BLM has based its proposed reduced public comment timelines on a premise that doing so will reduce the overall decision-making timeline. Western Governors, however, are concerned that reducing the opportunity for stakeholder input early in the planning process will ultimately result in increases to the overall planning and RMP implementation timeframes as stakeholder concerns are raised later in the process. Potential litigation stemming from these stakeholder concerns could further extend planning and implementation timelines.

Changes to Water Management Aspects of RMPs

BLM’s proposed rule indicates the agency may also add provisions to its RMPs that could result in greater agency involvement in water management, a concerning potentiality for western states. As stated in WGA Policy Resolution 2015-08, Water Resource Management in the West, “Western Governors believe federal partners must continue to recognize states’ primary authority to develop, use, control and distribute surface and ground water within state boundaries.”

Additionally, BLM’s proposal indicates the agency may add provisions to RMPs that could provide for greater involvement in areas affecting traditional state authority. These areas include:

  • Managing wetlands to buffer the effects of weather fluctuations by storing floodwaters and maintaining surface water flow during dry periods;
  • Identifying and responding to the degree of “local dependence on potable water from groundwater recharge in the planning area;”
  • Estimating the sustained levels of potable water from groundwater recharge based on the current and projected rainfall averages for an area; and
  • Considering the long-term needs of future generations for renewable and non-renewable resources including watersheds.

It is vital that nothing in BLM’s proposed rule be construed as affecting states’ primacy over allocation and administration of water resources in state borders. BLM’s Planning 2.0 must exhibit agency recognition and deference to states’ legal rights to allocate, develop, use, control, and distribute the states’ waters.

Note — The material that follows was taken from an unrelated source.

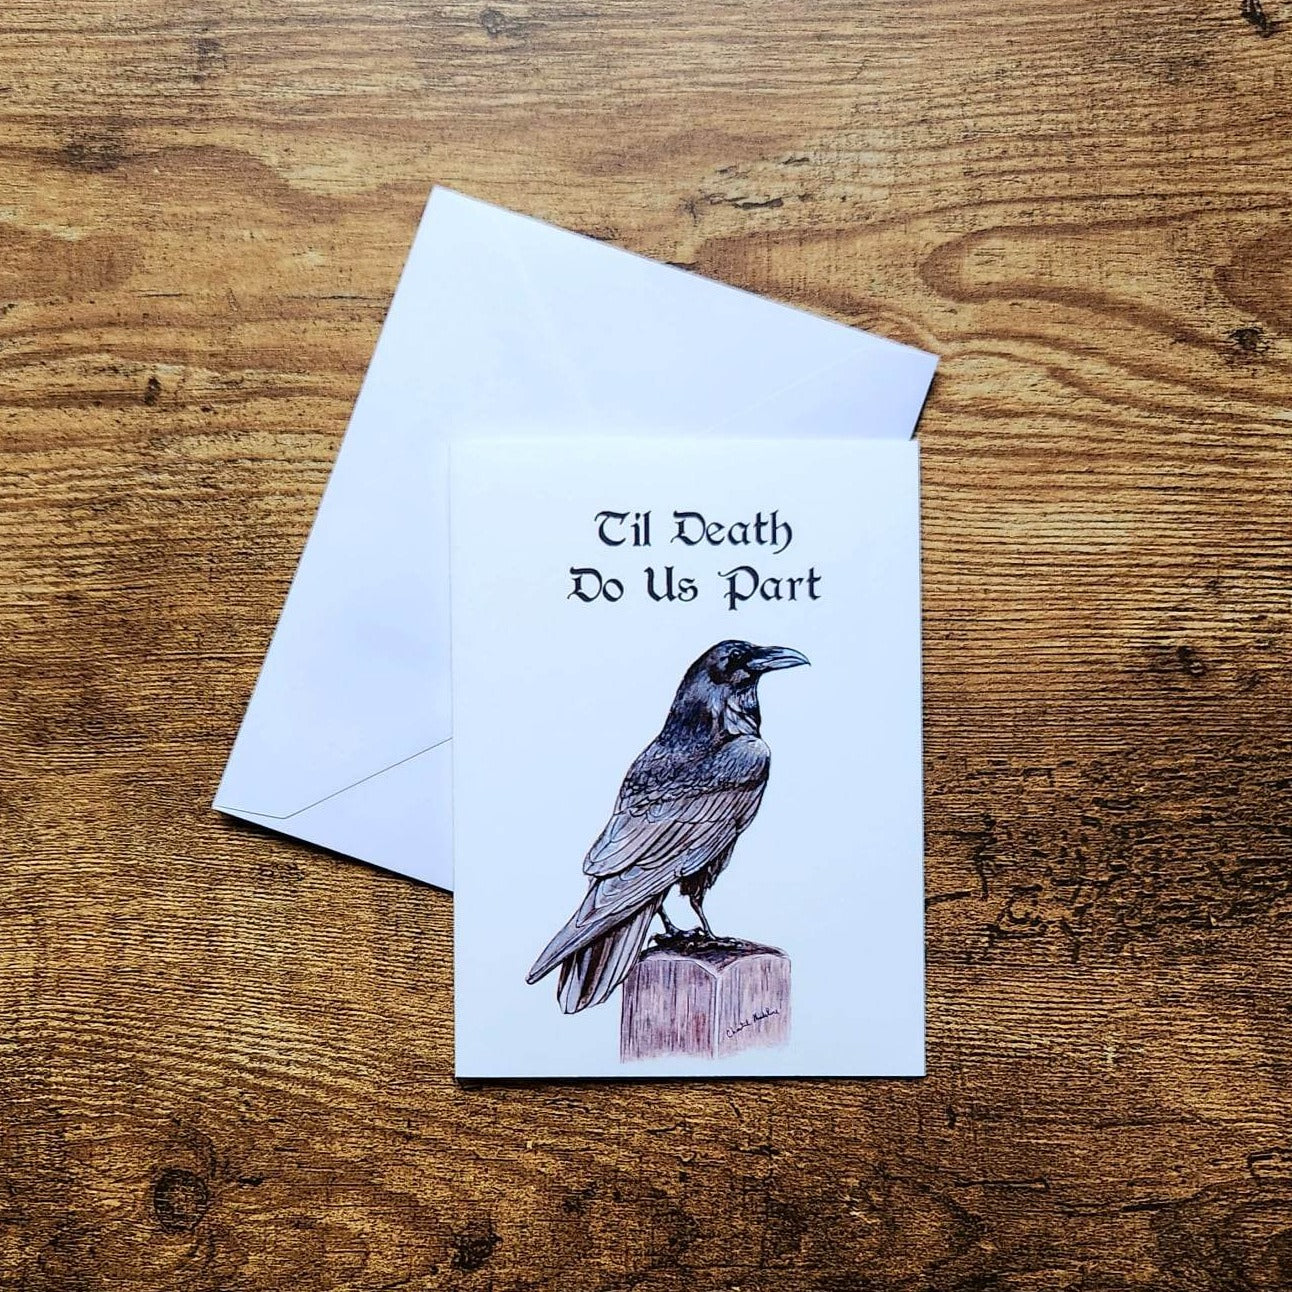 Til death do us part, Anniversary card, Card for husband, Card for wife, Goth wedding card, Halloween love card, Engagement card, Raven card

Potential implications for water management and quality, and project development and maintenance, that should be considered by the agency include:

  • Siting for new water infrastructure on public lands;
  • Operation and maintenance of existing water infrastructure located on public lands;
  • Intrusions on states’ exclusive authority on water administration and development; and
  • Impacts on existing watershed plans under Section 319 of the Clean Water Act.


Any process that reduces BLM’s responsibility to actively engage with stakeholders represents a retreat from openness and transparency. Yet that is what BLM suggests in Planning 2.0. Currently BLM publishes RMP documents exclusively in the Federal Register. The Planning 2.0 proposal, however, would permit the agency to forego formal publication of many RMP-related documents. Those documents could instead be posted to the BLM website and at BLM offices within an RMP planning area. This change would significantly impair the ability of affected stakeholders, local governments and states to monitor, understand and participate in the RMP development and amendment processes.

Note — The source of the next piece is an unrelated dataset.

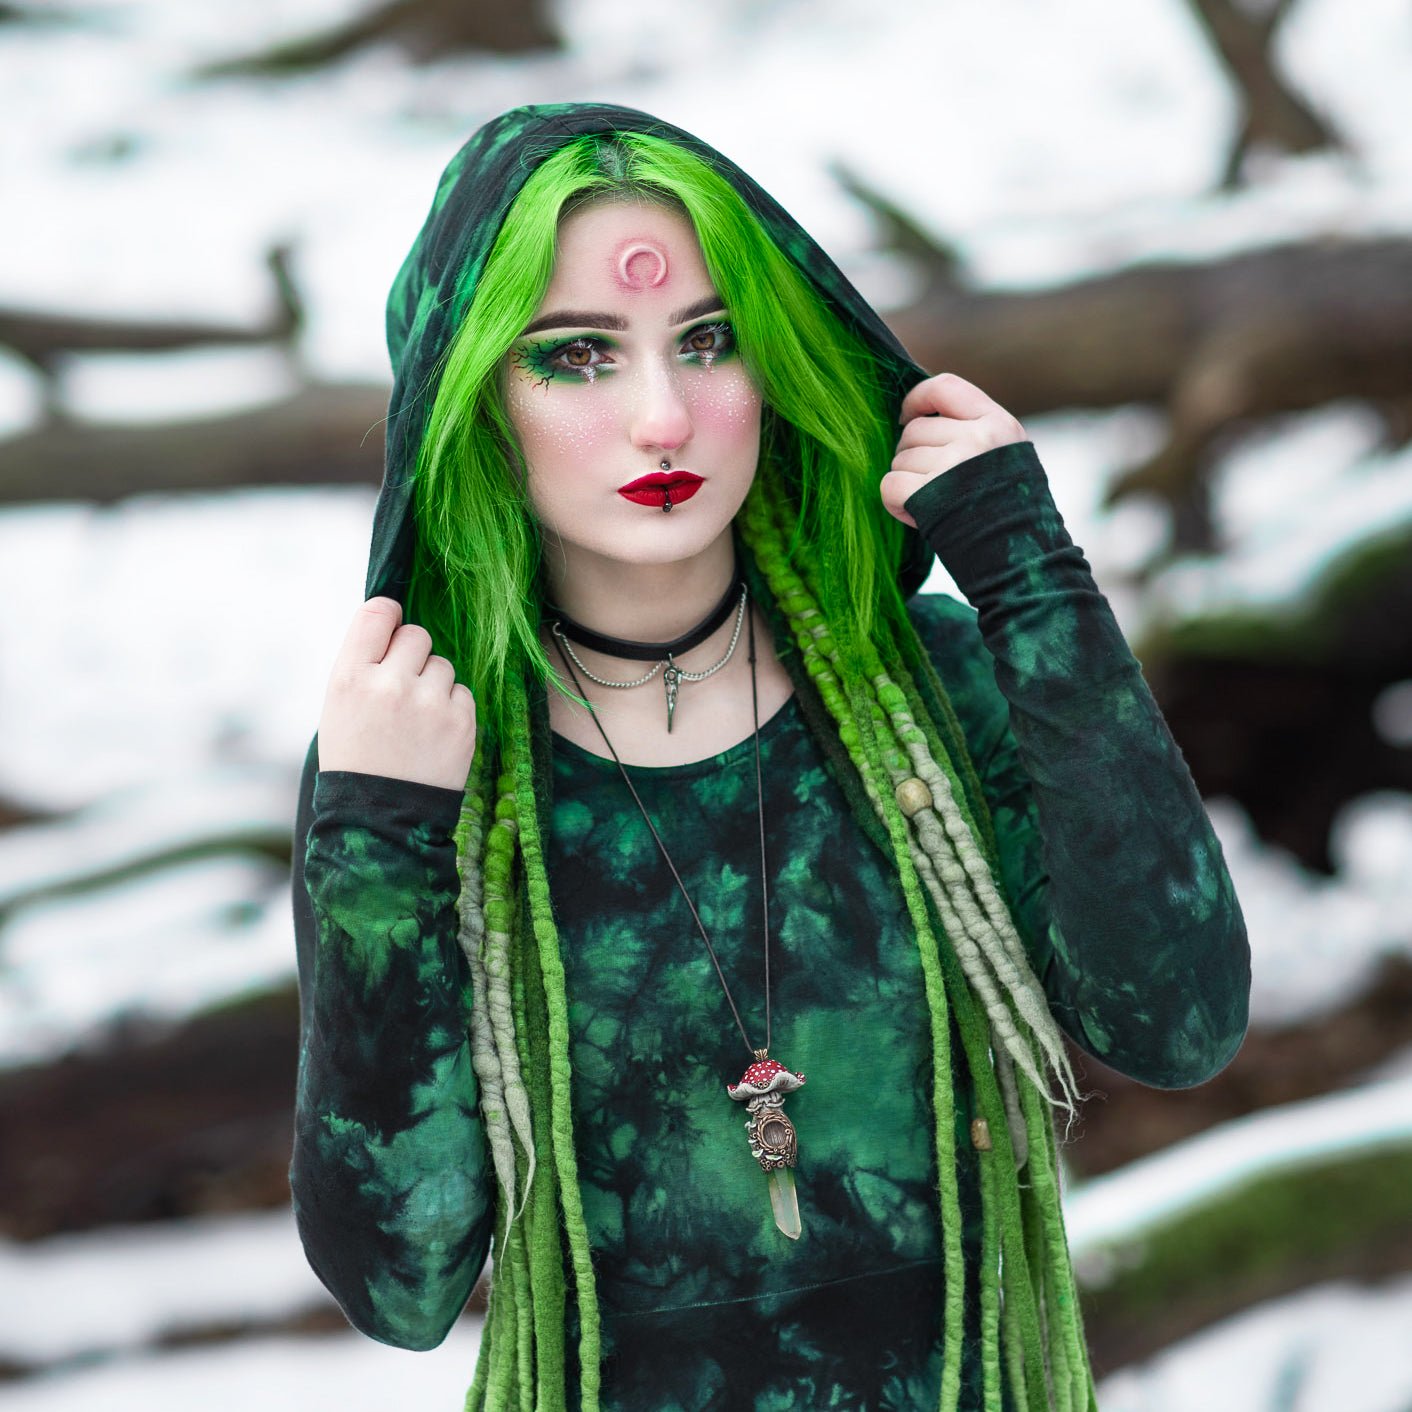 Woman with green hair wearing a small moon prosthetic on her forehead

The public should be afforded a clear and consistent opportunity to review and comment on proposed new or revised federal RMPs. This is particularly true given that management plans have a direct and substantial impact on existing multiple use rights such as grazing permits, road rights-of-way, conventional and renewable energy development permits, and rights-of-way for electricity transmission and distribution infrastructure.

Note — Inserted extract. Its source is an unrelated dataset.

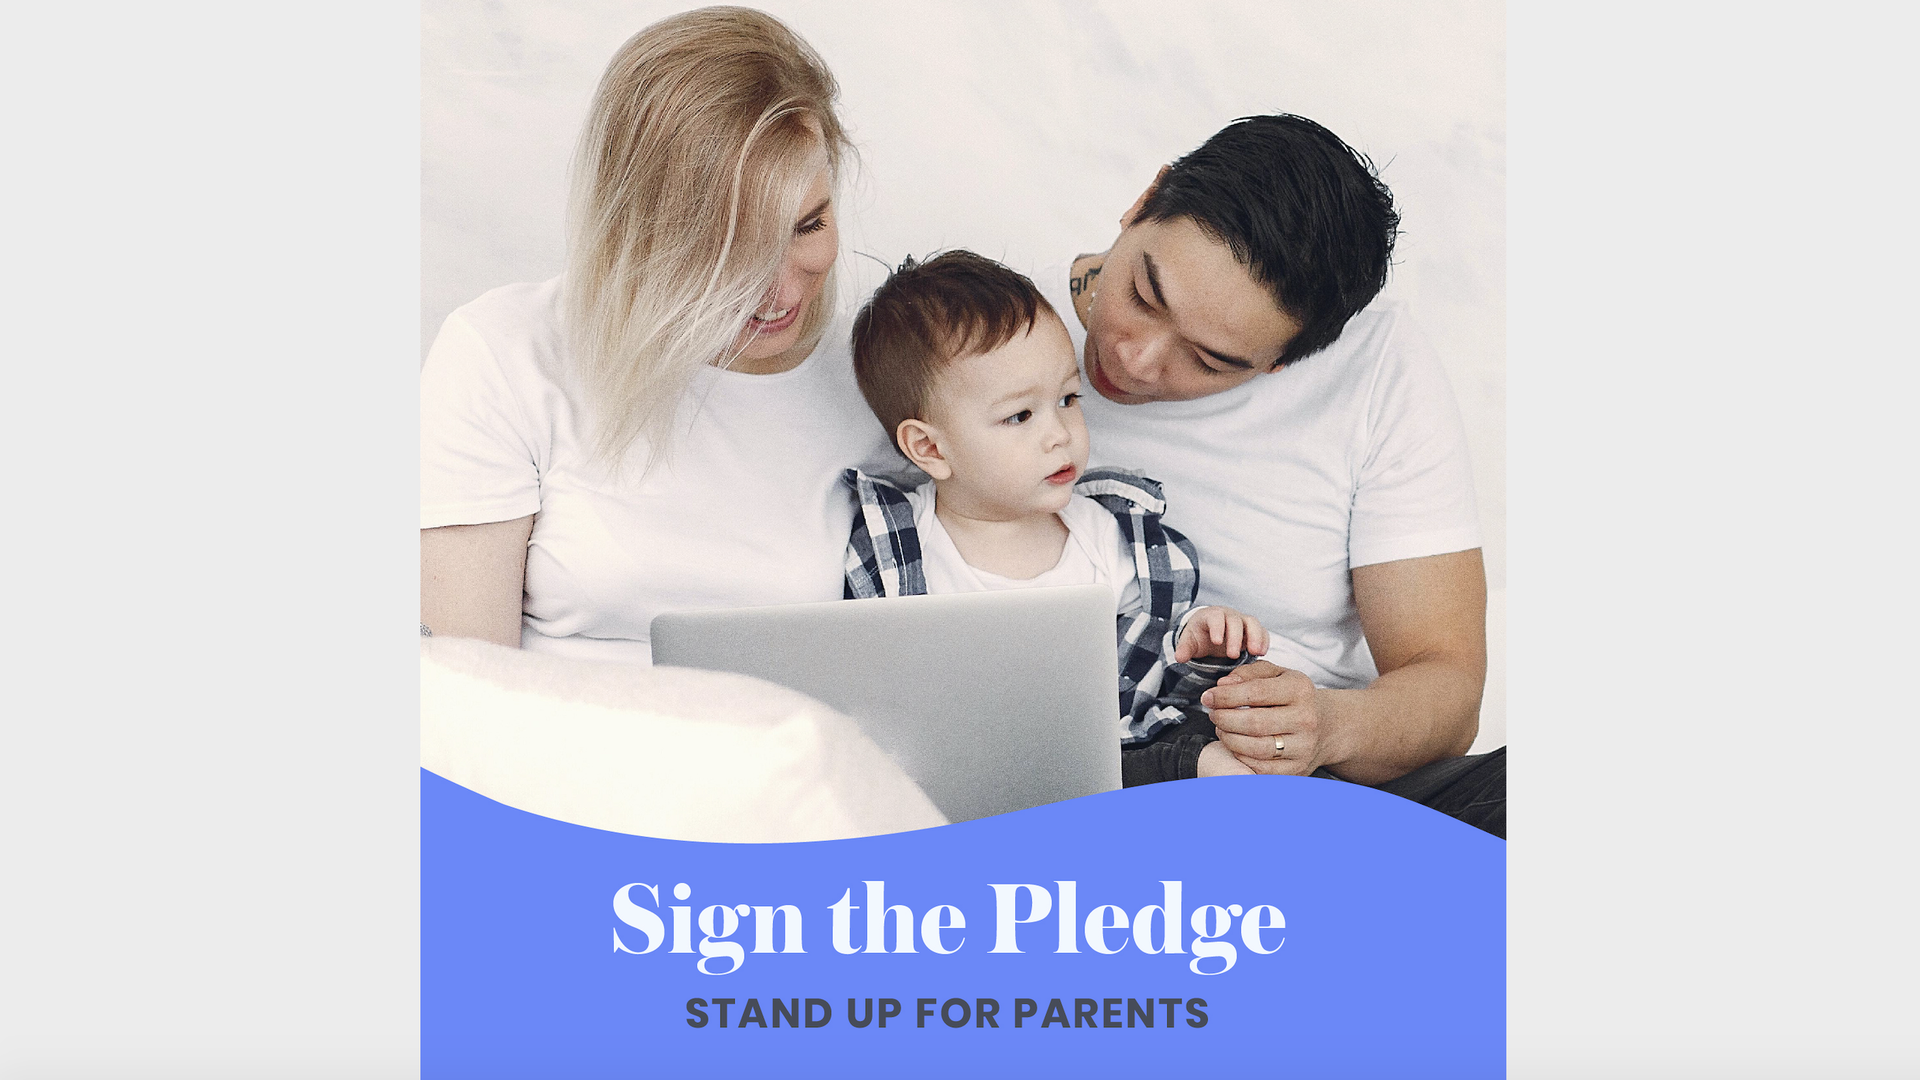 A flyer with a photo of a family asking people to sign a pledge.

In summary, BLM’s Planning 2.0 proposal, as drafted, presents serious challenges and contains significant shortcomings. This is unfortunate, not only for states, but also for local governments and stakeholders. In WGA’s estimation, much of the opposition to this proposal would have been mitigated had BLM engaged in “early, meaningful and substantial” consultation with Governors in the formative stages of the rule’s development.

Chairman Gohmert and Ranking Member Dingell, thank you for the opportunity to testify today and to provide the Subcommittee with the viewpoints of the Western Governors I serve. I hope my testimony has been helpful to the Subcommittee. I welcome any questions you or your colleagues may have.